We are now approaching a chemical system in which molecules can be "activated" one at a time (or concurrently - effortlessly because of Elixir). Molecules are Joy programs and activation means execution. Joy programs are really function compositions (syntactically, whitespace represents the composition operator) that are made up of functions like `pop` and `swap`, and quotations which are lists of functions. A quotation is actually also just a function that places itself on the stack.

Using special `getl`/`getg` and `put` IO-like functions, molecules can "bind" or recruit other molecules from the mix, just like enzymes or proteins would bind their substrates. They can also "release" products back into the pool. It might turn out that only one of `getl` and `getg` is required. That will be a happy day, but for now `getl` will probably be more useful in binding polymers and `getg` will be more useful in binding oligomers/monomers.
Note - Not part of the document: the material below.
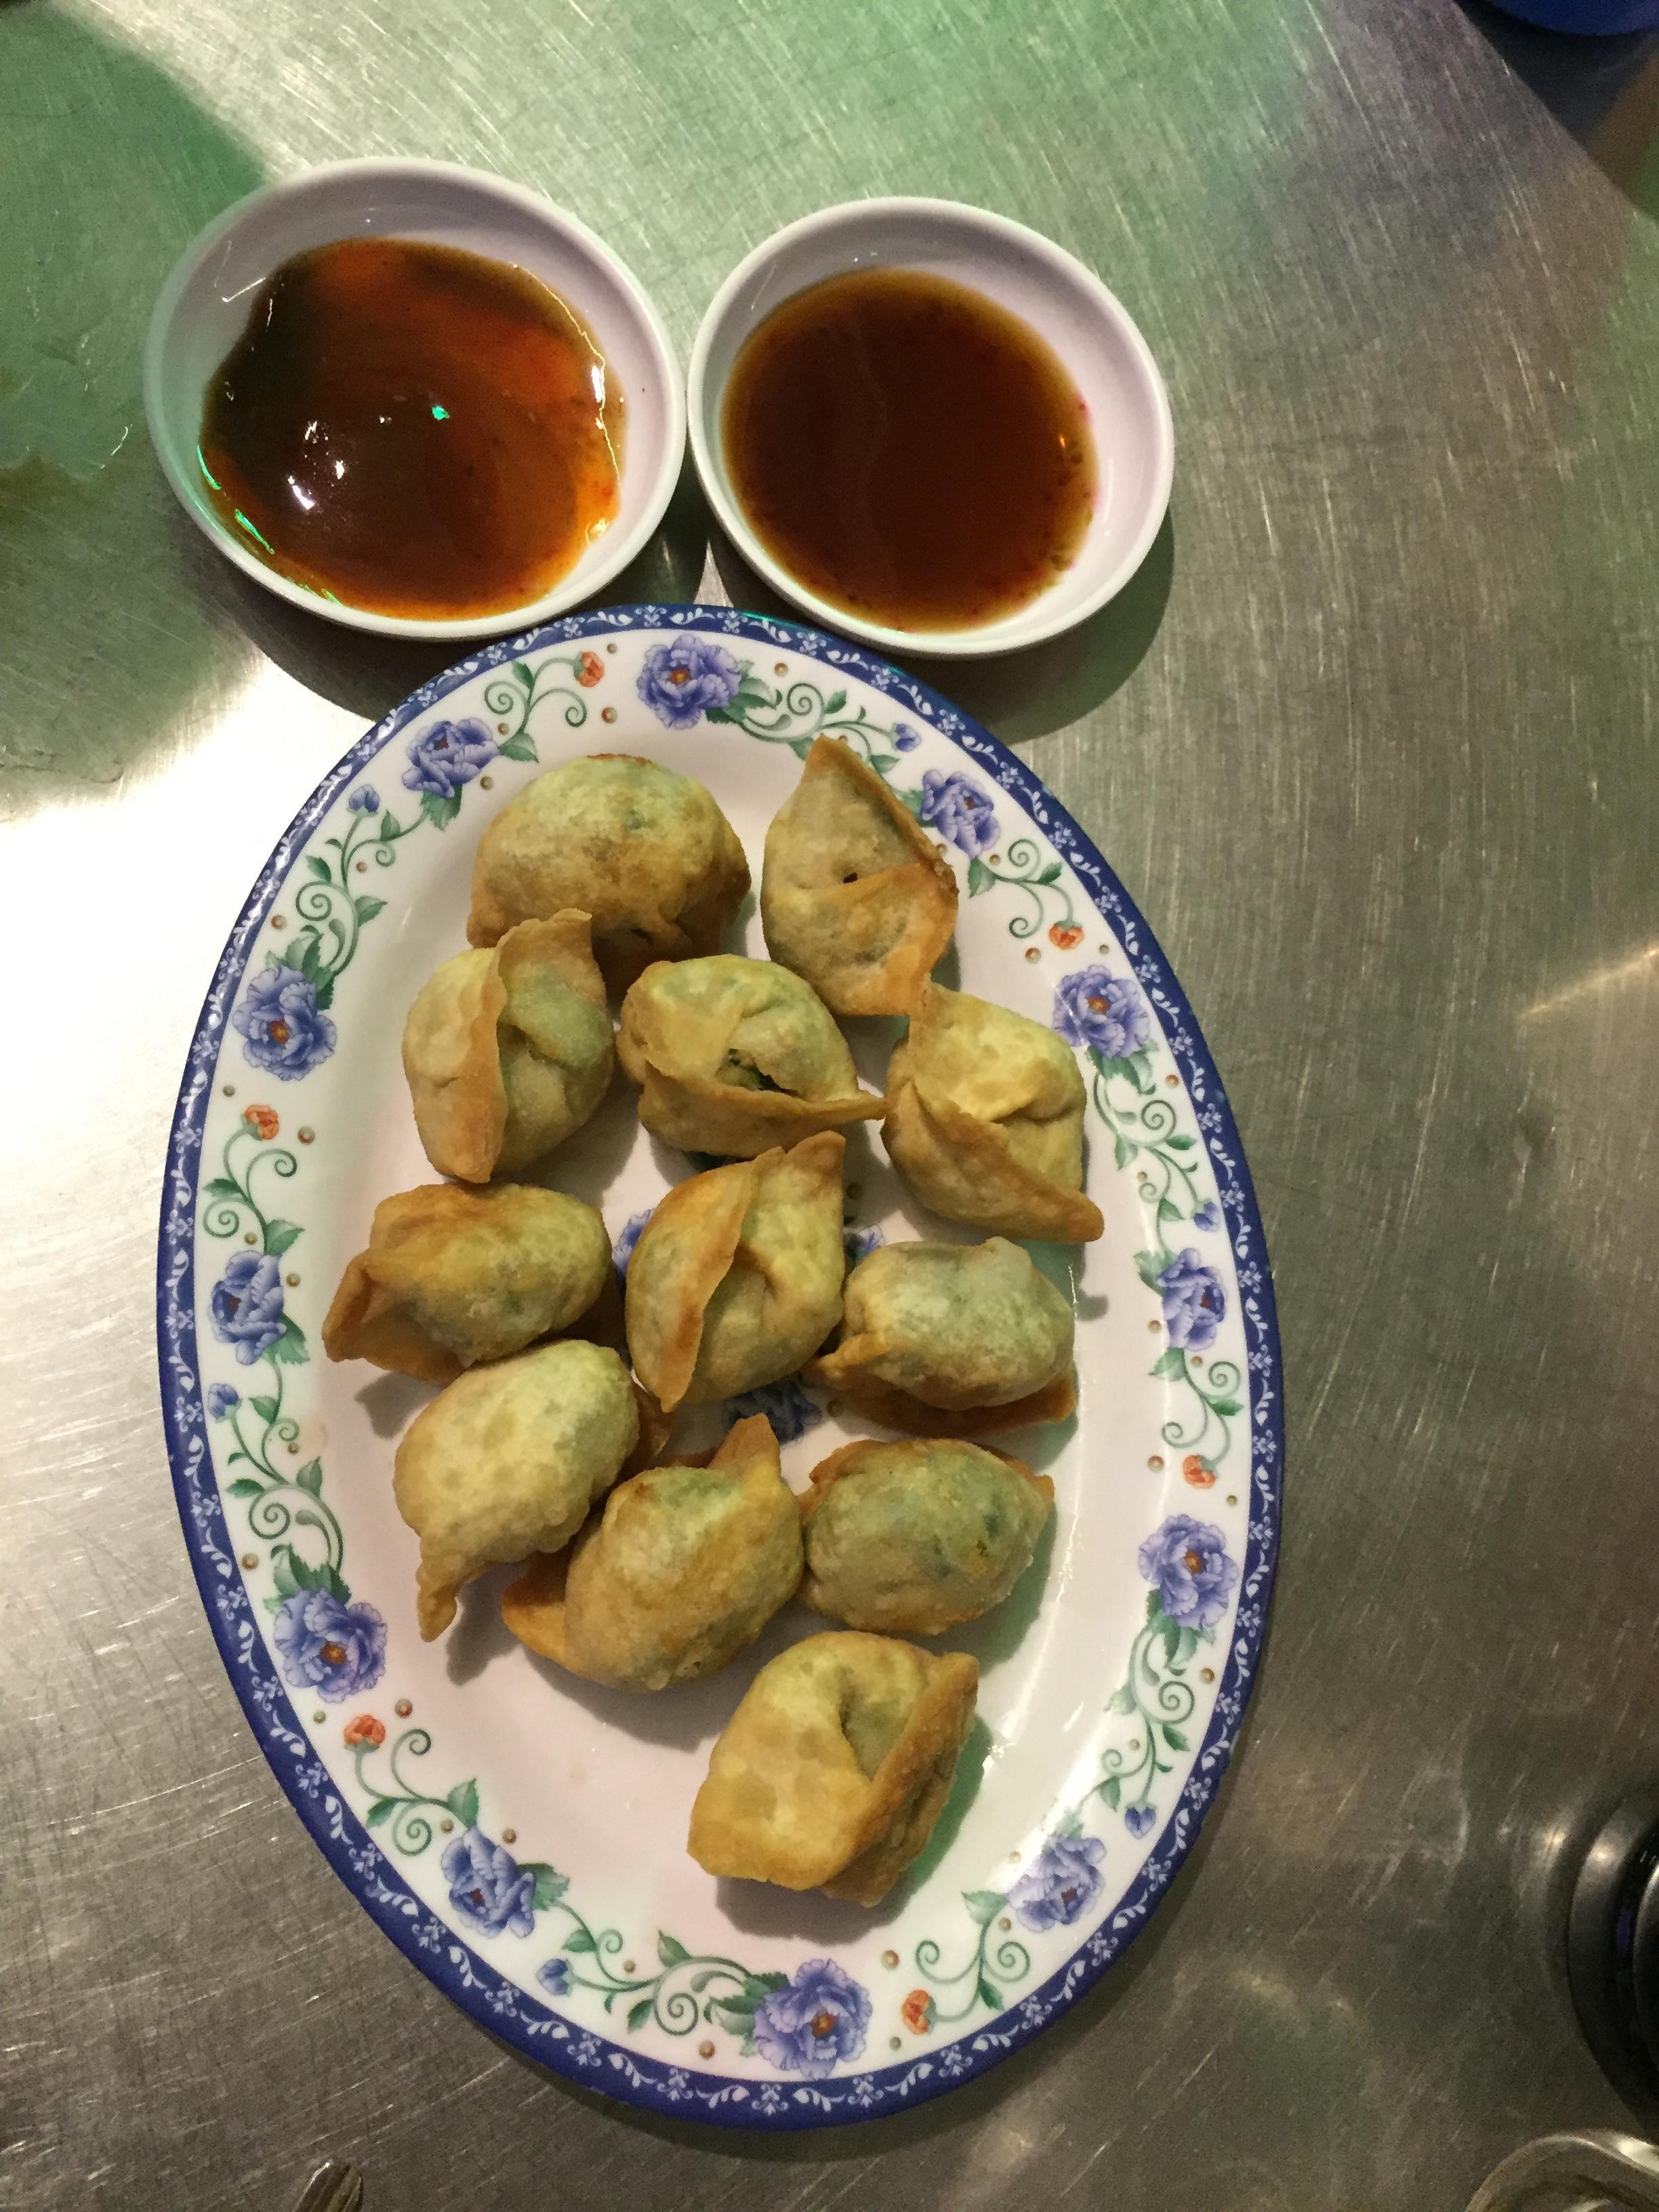 Les dumplings fris, accompagnés d'une sauce soja-chili

In addition, we have explored preliminary implementations of a ribosome (something like a universal constructor) and a "chaperone" (something like a universal assembler). We have also defined a preliminary artificial genetic code. Armed with the notions of affinity, association, and dissociation developed in this post, we can now develop fully-fledged ribosomes, chaperones, and the multitude of other enzymes that we'll need (this is only the beginning). We can also then define the final version of an artificial genetic code, which we'll use to reverse-construct something like DNA, which will contain recipes for all the enzymes and rRNA in our system.